In this project we are going to be using Convolutional Neural Networks to implement Neural Style Transfer, a technique for creating a new image with the content of one input image and the style of another input. The idea behind style transfer is as follows: take three input images, one our style image, one our content image, and one output image which starts as random noise and we iteratively update it until it looks like the content of the content image in the style of the style image. To do this we run all three images through a pretrained VGG16 model trained to classify images. Then for a selected convolutional or pooling layer of the VGG16 model we compare the activations (values of the neurons) at that layer for the three different images. Specifically, we have what is called a feature reconstruction loss that compares the activations of the current output image and the content image, and what is called a style loss that compares the activations of the current output image and the desired style image. Then we use the gradient of these loss functions to update our current output image. Hopefully, that gives you an overview of what we will be doing, and you should gain a more in depth understanding as we go along.  

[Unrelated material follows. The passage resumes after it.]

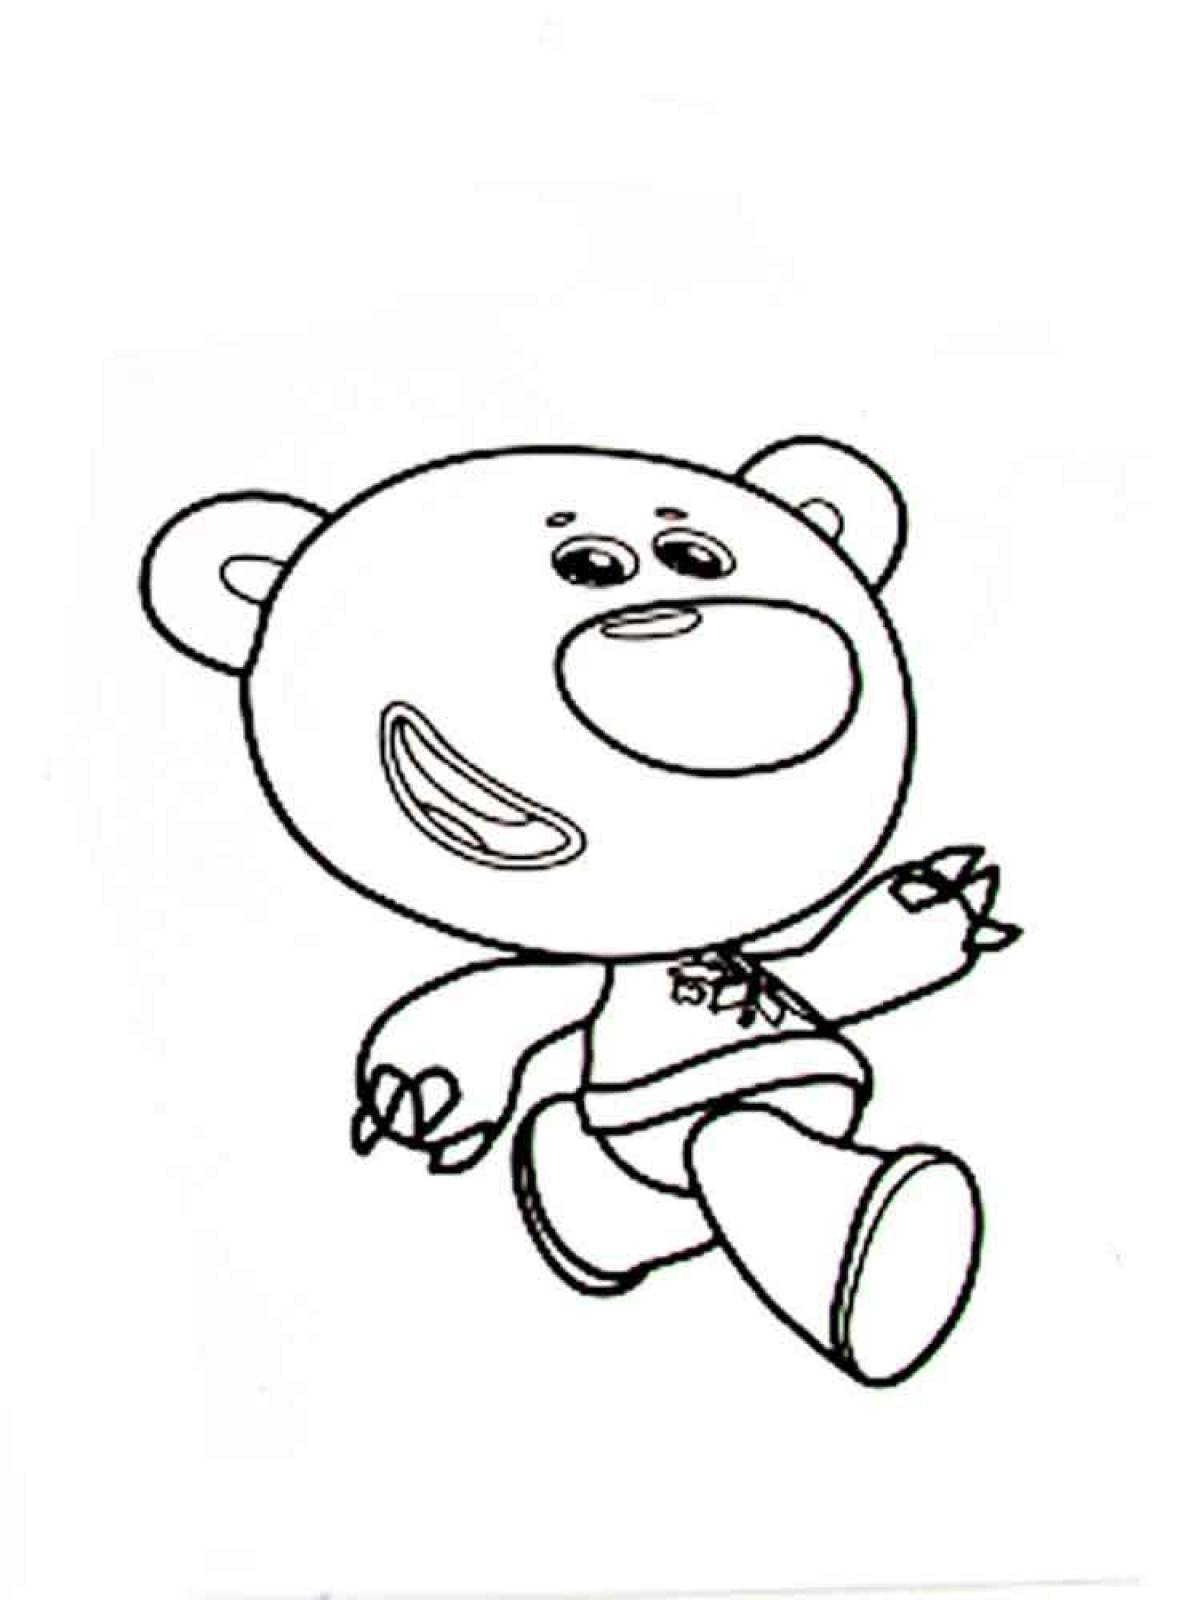 Chubby bears coloring pages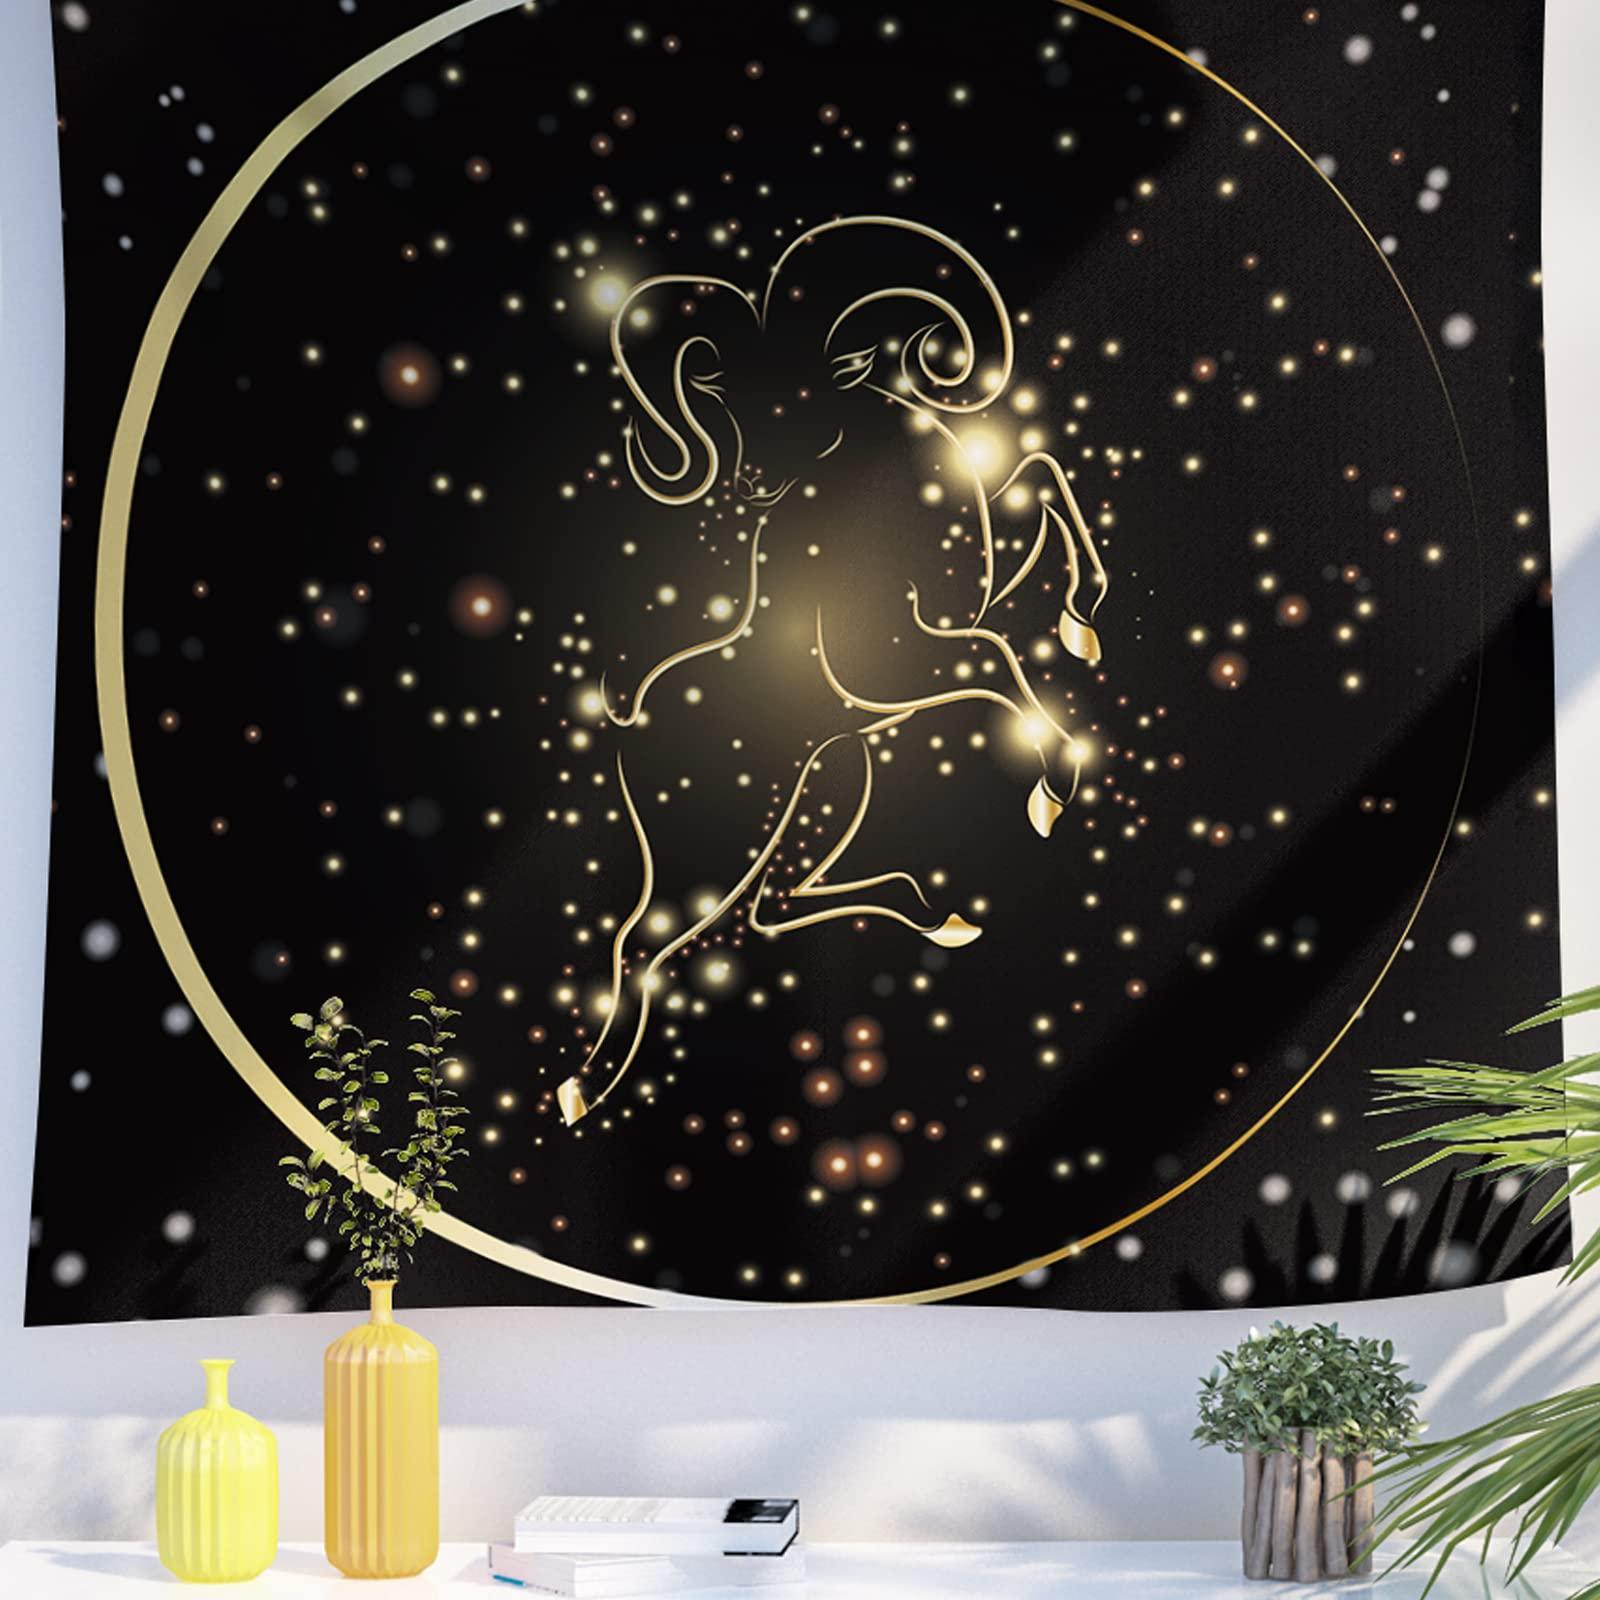 Berkin Arts Decor Tapestry for Wall Hanging Premium Polyester Fabric Backdrop Space Art Ornate Galactic Gold Gemini Gold Cloth Goddess Art 59.1 x 78.7 Inch

### The paper we will be implementing is found here: https://arxiv.org/pdf/1508.06576.pdf

# Part 1: Build Model and Define Losses

#### First we want to initialize a VGG16 model we can use for style transfer.  

In [1]:
from keras.applications import vgg16
from keras.layers import Input, Concatenate
from keras.models import Model, Sequential
from keras import backend as K
import tensorflow as tf

Using TensorFlow backend.


In [None]:
K.clear_session()
content_input = Input(batch_shape=(1, 224, 224, 3))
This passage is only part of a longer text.